TASK INPUT:
——

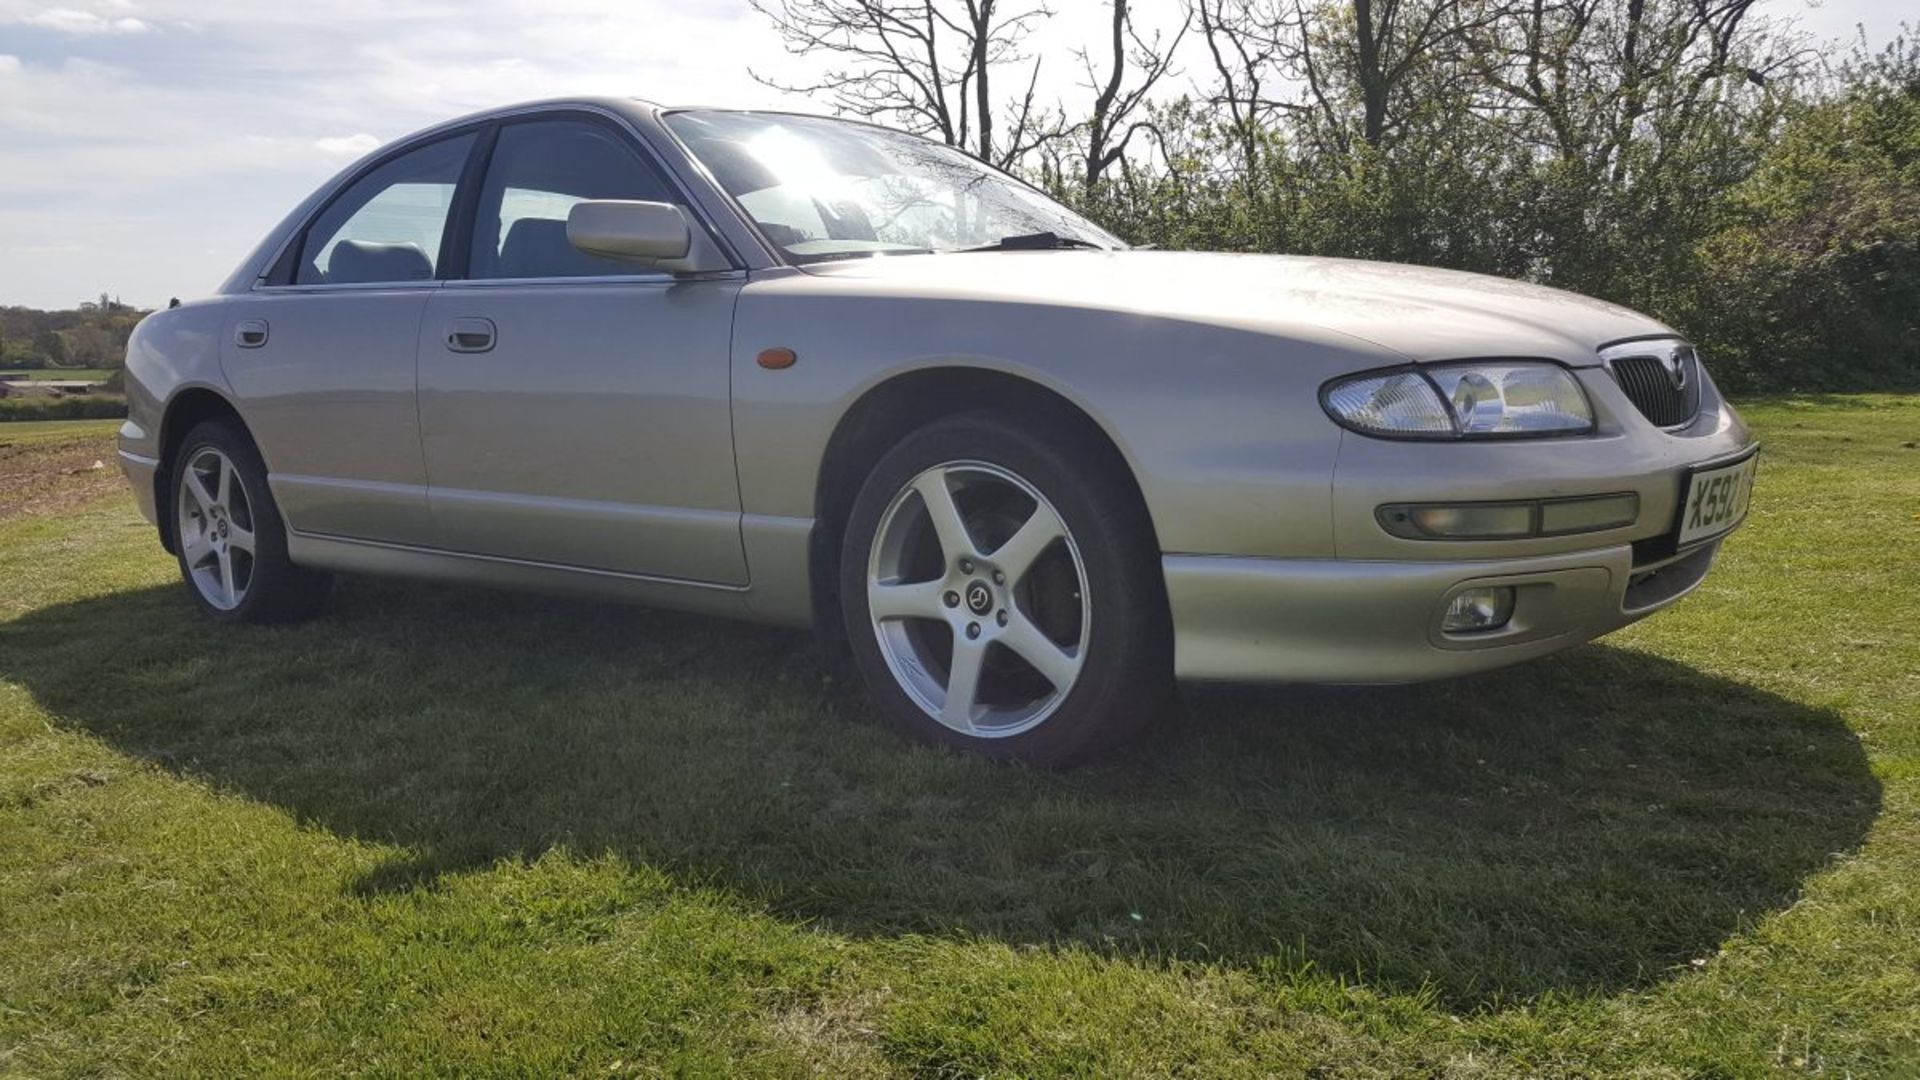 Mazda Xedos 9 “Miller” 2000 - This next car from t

——

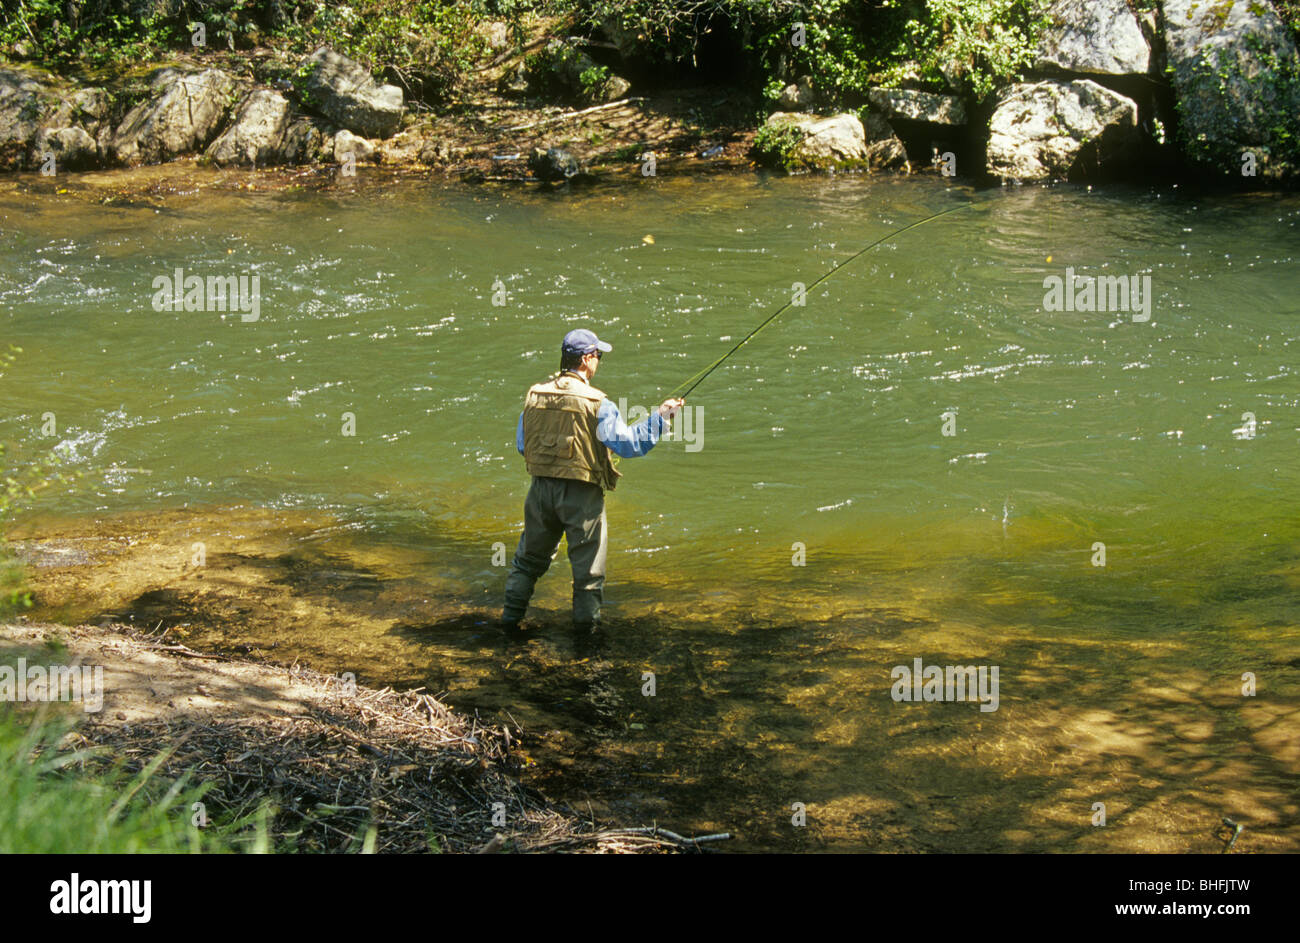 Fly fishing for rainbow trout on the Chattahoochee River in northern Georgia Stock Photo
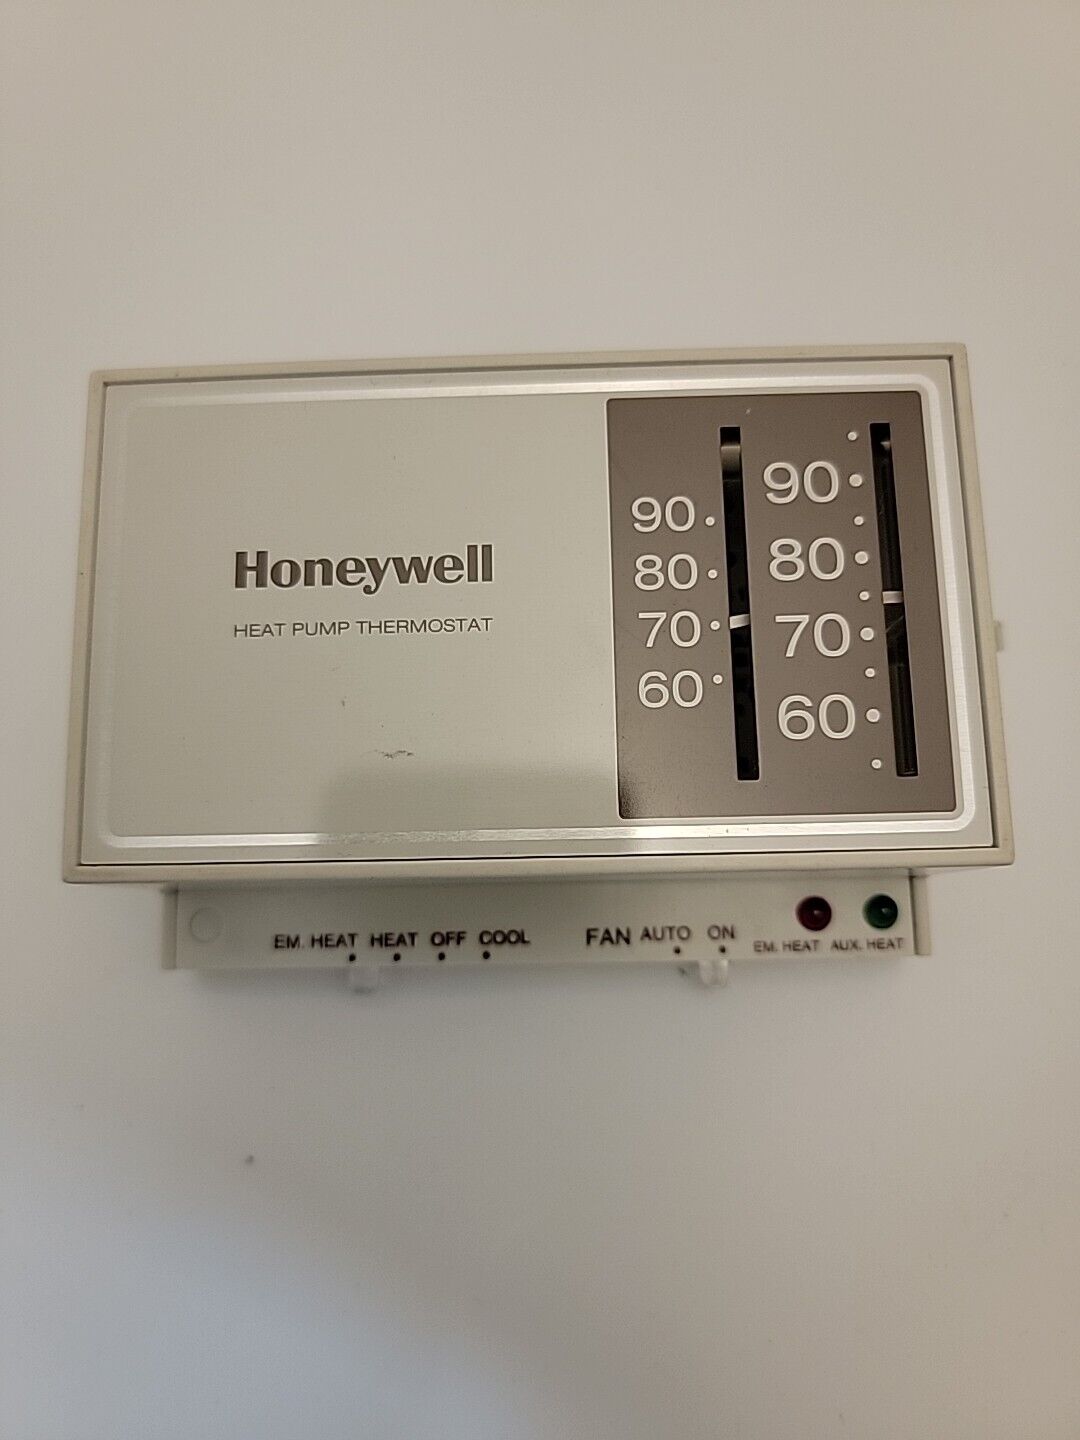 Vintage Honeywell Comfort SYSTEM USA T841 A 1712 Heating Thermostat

——

WHAT YOU WILL DO:
Your output should be the lines above from the one that contains "Fly fishing for" through the one that contains "Vintage Honeywell Comfort", word for word, with pictures left out.

EXERCISE OUTPUT:
 Fly fishing for rainbow trout on the Chattahoochee River in northern Georgia Stock Photo
 Vintage Honeywell Comfort SYSTEM USA T841 A 1712 Heating Thermostat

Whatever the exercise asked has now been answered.